Scrive anche un componimento dedicato a Roscio, il più grande attore del periodo, basandosi sulla leggenda che
voleva il piccolo Roscio interessato da un prodigio: un serpente si sarebbe infatti messo accanto alla sua culla. In
questo periodo, infatti, la celebrazione è sempre più incentrata sul singolo potente che non sulla collettività.
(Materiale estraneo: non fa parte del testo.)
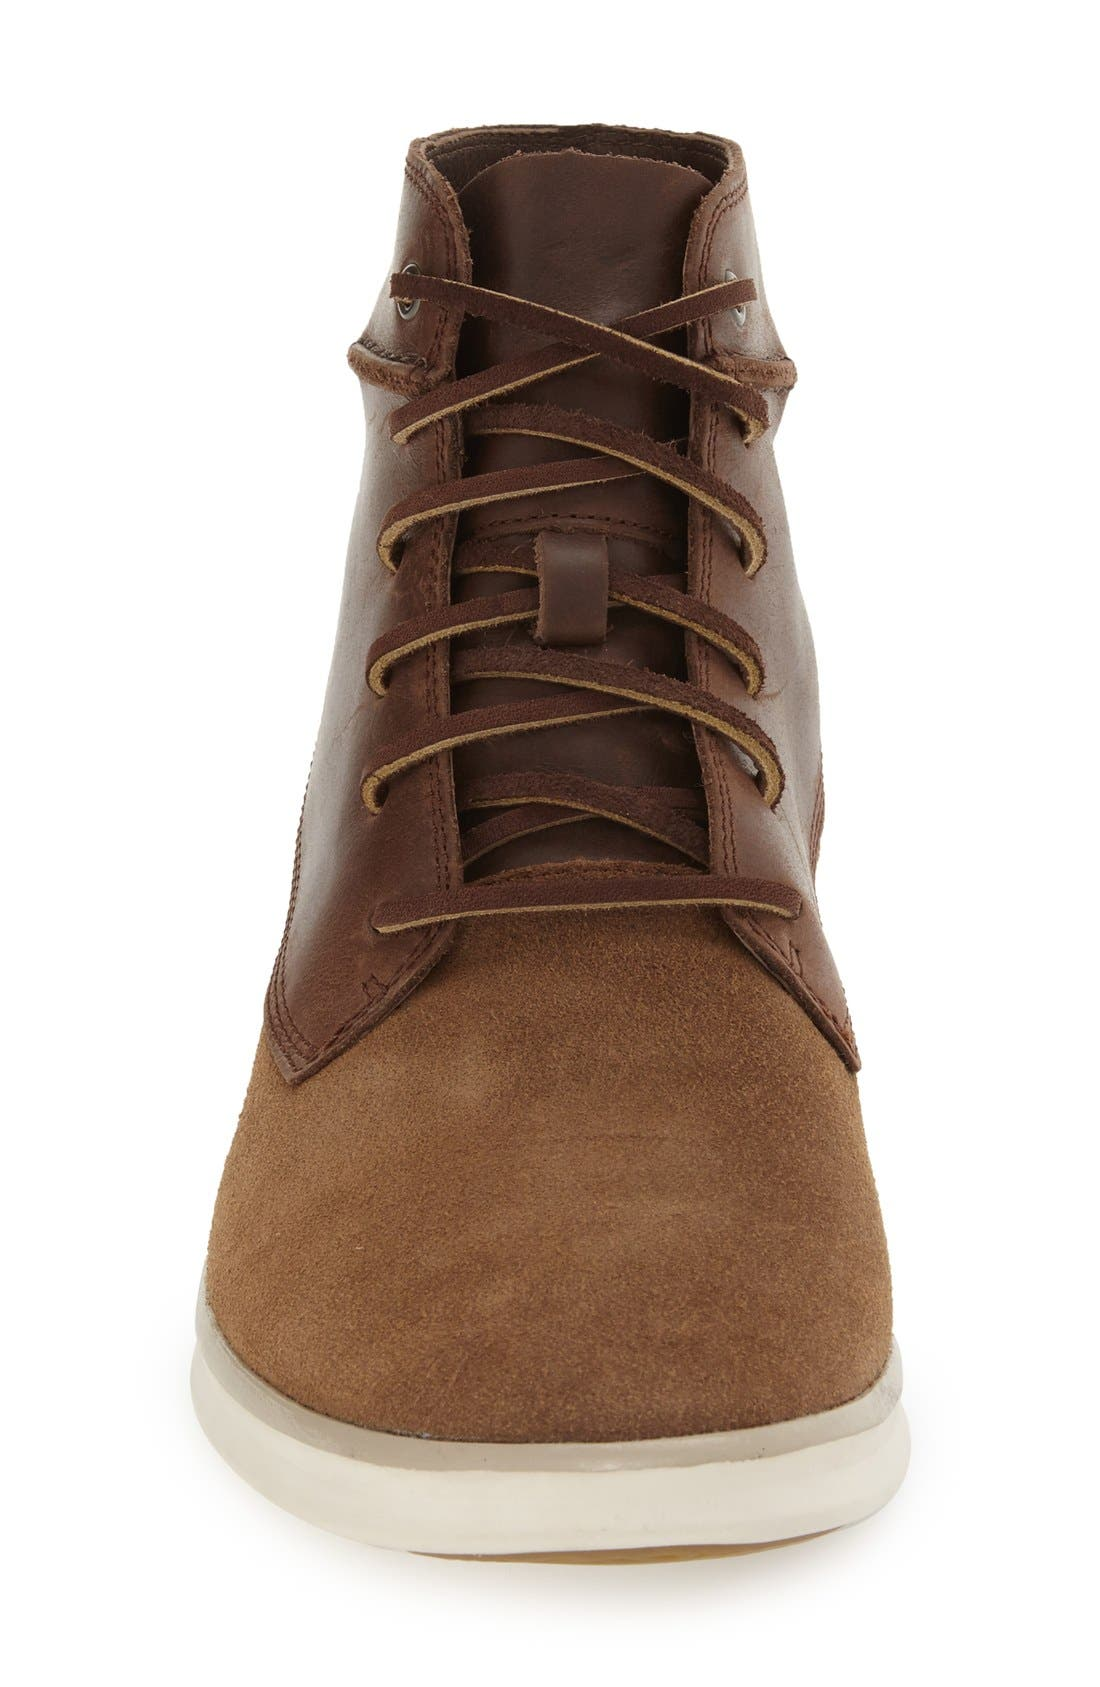 'Lamont' High Top Sneaker,                             Alternate thumbnail 3, color,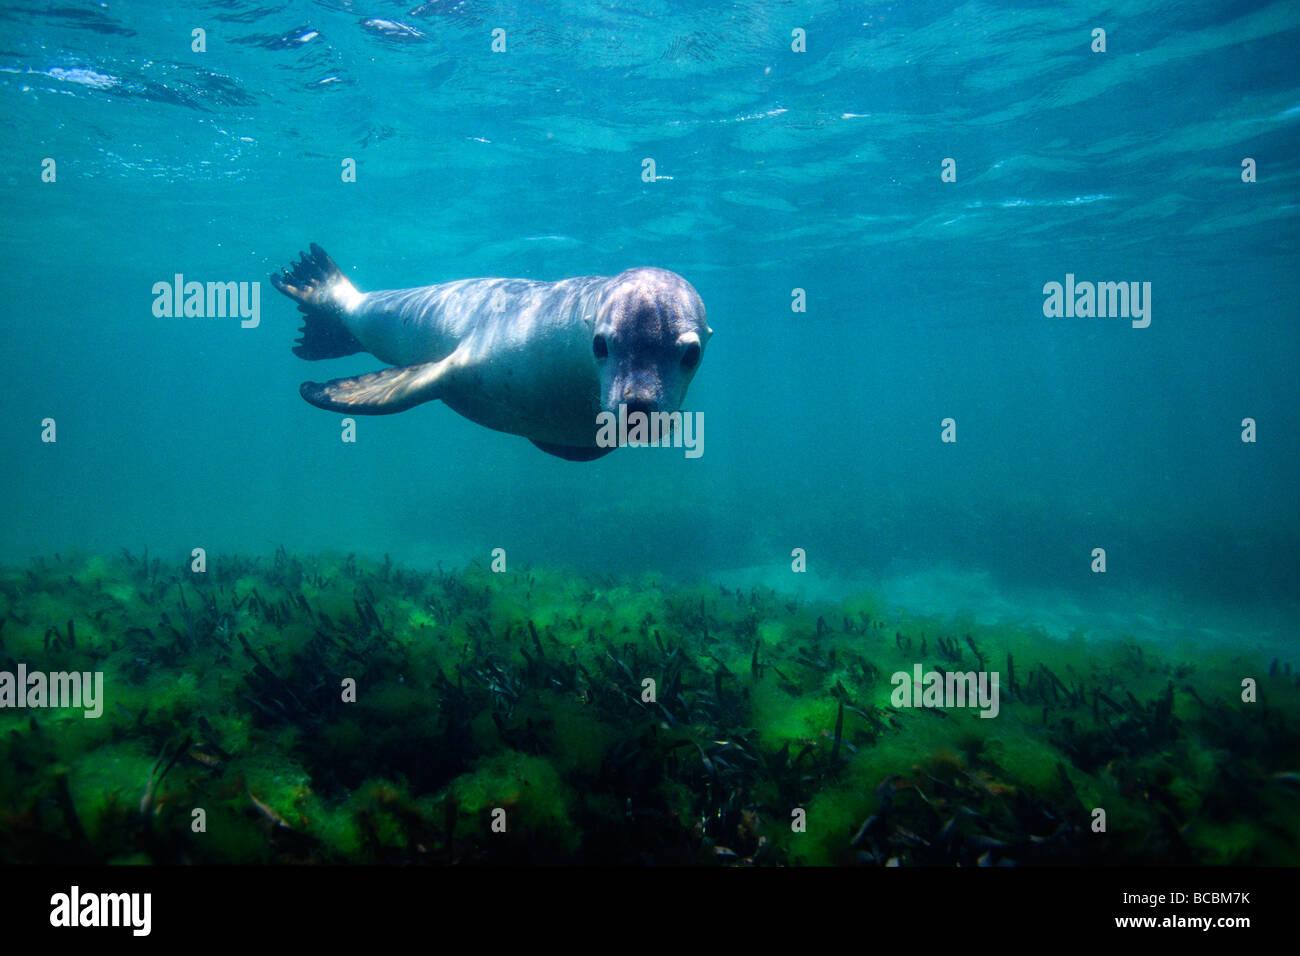 Lobo de mar nadar Imagen De Stock

Archia viene poi protetto dai Luculli e con uno di loro andò in Sicilia e soggiornò a Eraclea, dove ottenne la
cittadinanza ad onorem. E' poi a fianco di Lucio Lucullo il giovane nella guerra contro Mitridate, e pare che
proprio dai luculli Archia prese il nomen Licinius. Il poeta però si legò a diverse casate aristocratiche, a
dimostrazione di quanto fossero ormai indipendenti gli intellettuali Greci: Archia stesso scrisse opere celebrative
anche per i Metelli e iniziò, senza mai portare a termine, un'opera sul consolato di Cicerone.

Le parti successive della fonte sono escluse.